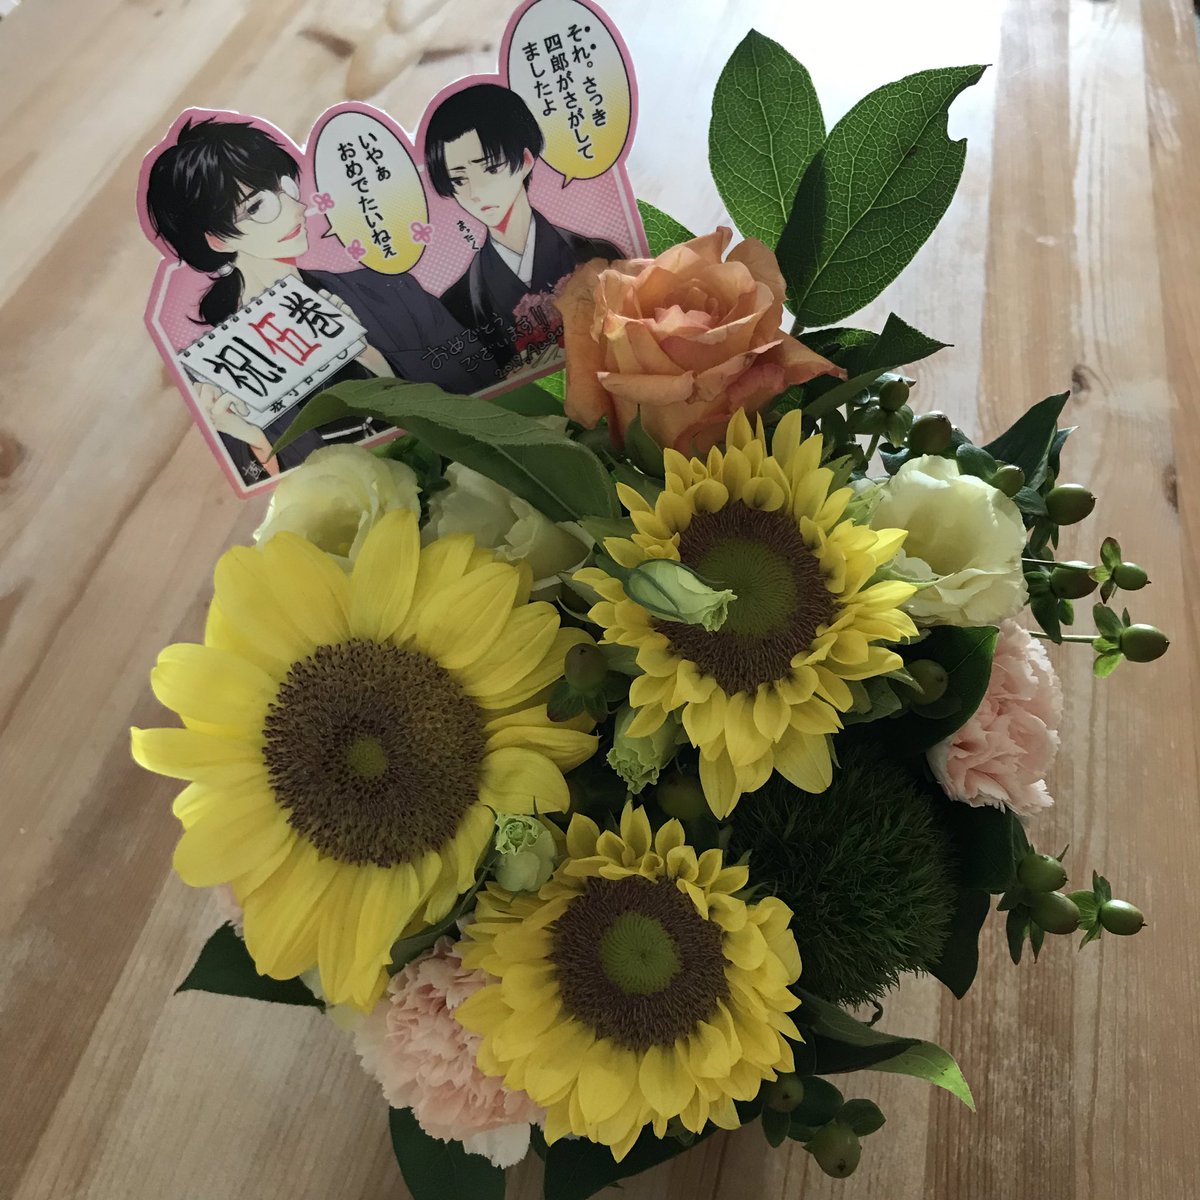 いつも原稿を手伝ってくれるSちゃんから花子5巻発売のお祝いにお花をいただきました。松田一・三郎兄弟付きです。すごいです、とてもイケメンです!とても嬉しくて、さっそく仕事場に飾りました。 
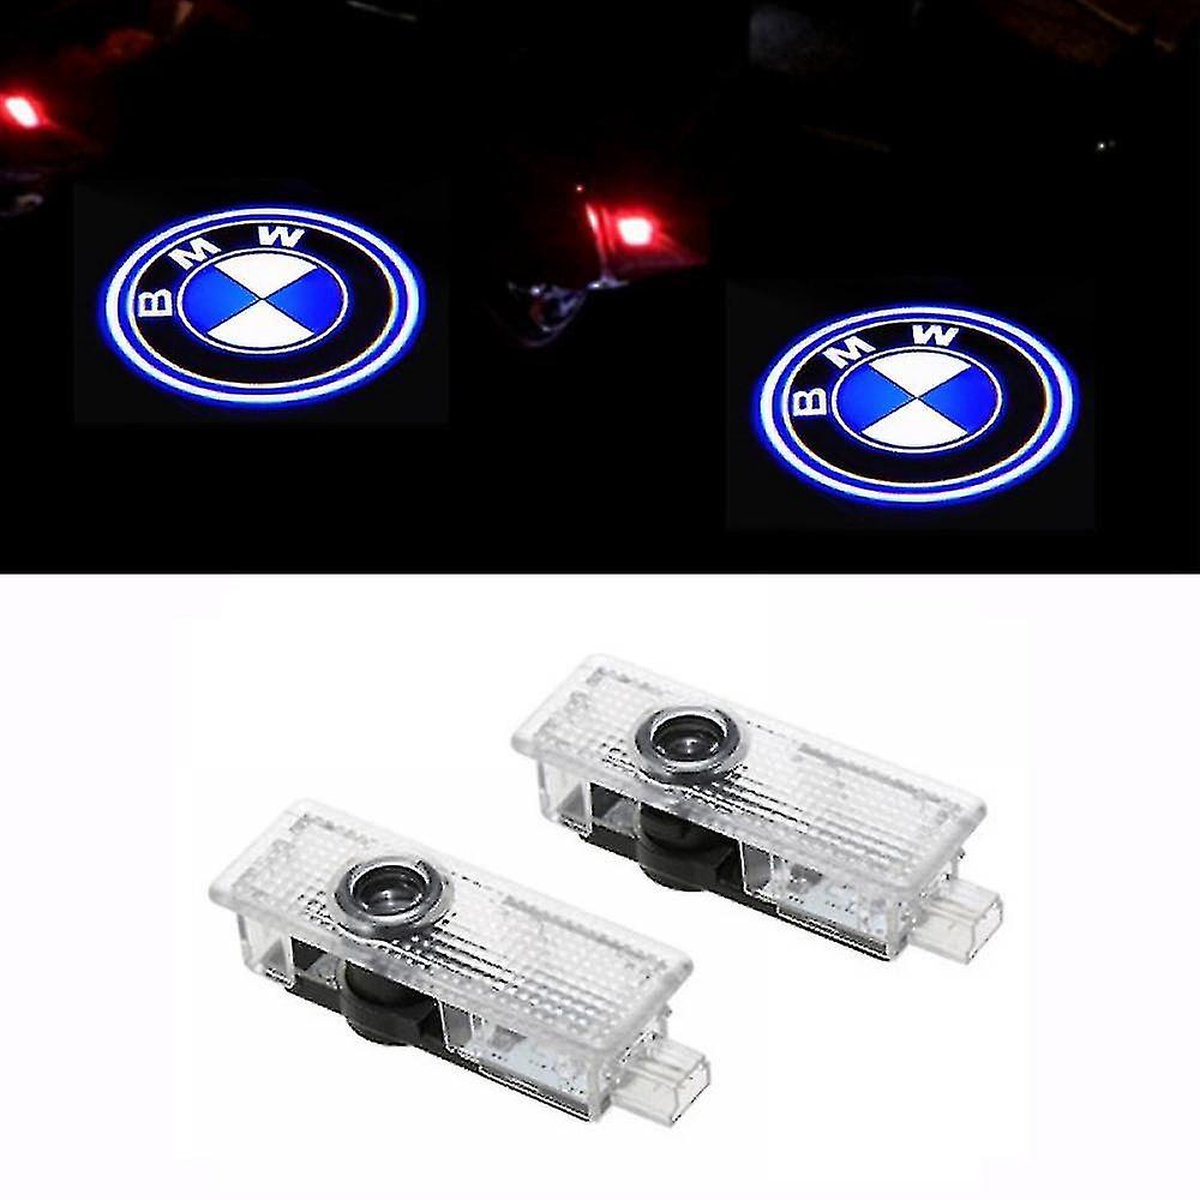 Projecteur de logo BMW - Éclairage de porte de voiture - Intérieur
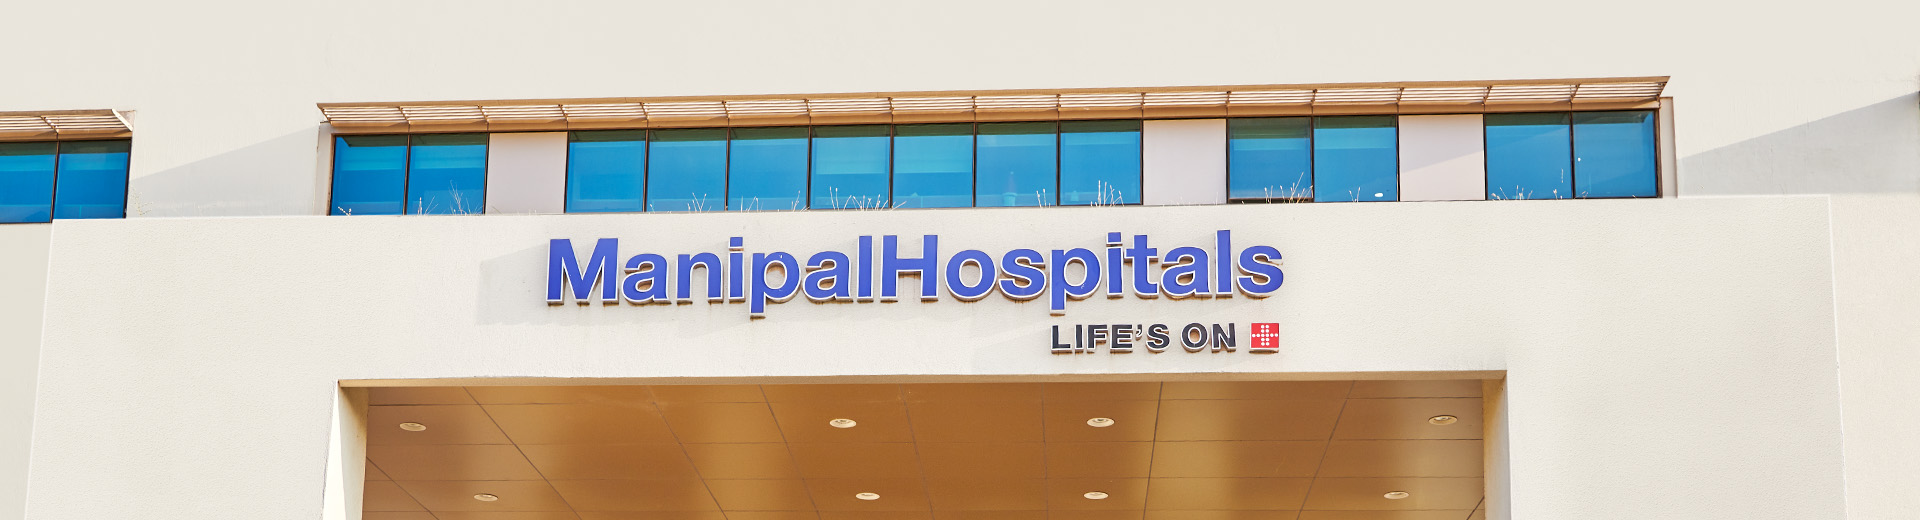 CSR Policy - Manipal Hospitals Vidhyadhar Nagar, Jaipur
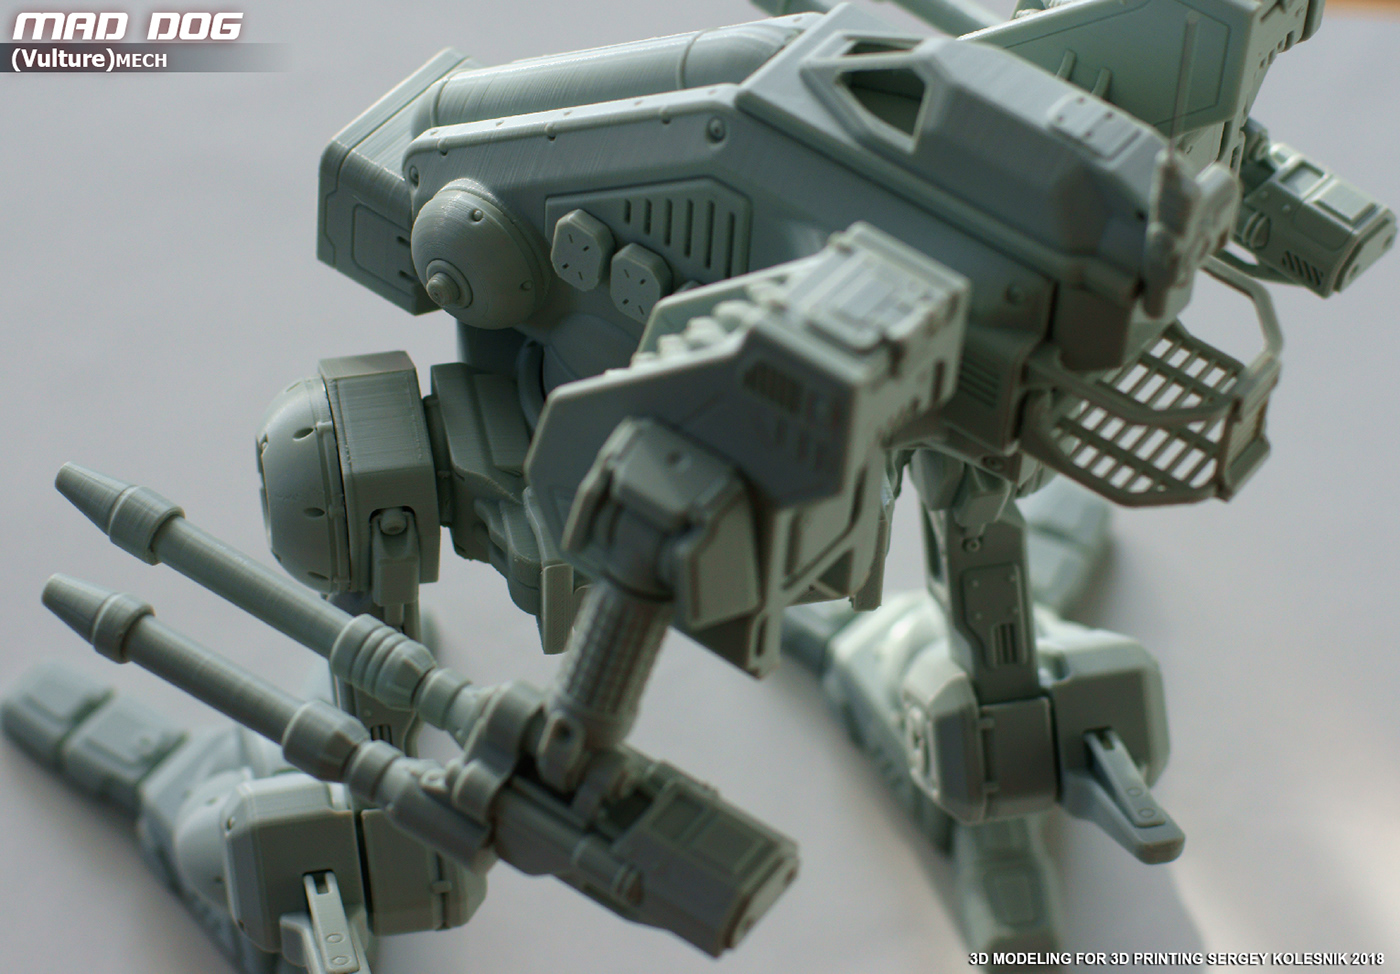 maddog mech mecha toys robot battletech 3dprinting 3dprint 3D Mechwarrior

• **WHAT THIS TASK INVOLVES**
In the copy you write, the data above must appear exactly, with no pictures.

• **ANSWER TO THE PROBLEM**
 いつも原稿を手伝ってくれるSちゃんから花子5巻発売のお祝いにお花をいただきました。松田一・三郎兄弟付きです。すごいです、とてもイケメンです!とても嬉しくて、さっそく仕事場に飾りました。 
 Projecteur de logo BMW - Éclairage de porte de voiture - Intérieur
 CSR Policy - Manipal Hospitals Vidhyadhar Nagar, Jaipur
 maddog mech mecha toys robot battletech 3dprinting 3dprint 3D Mechwarrior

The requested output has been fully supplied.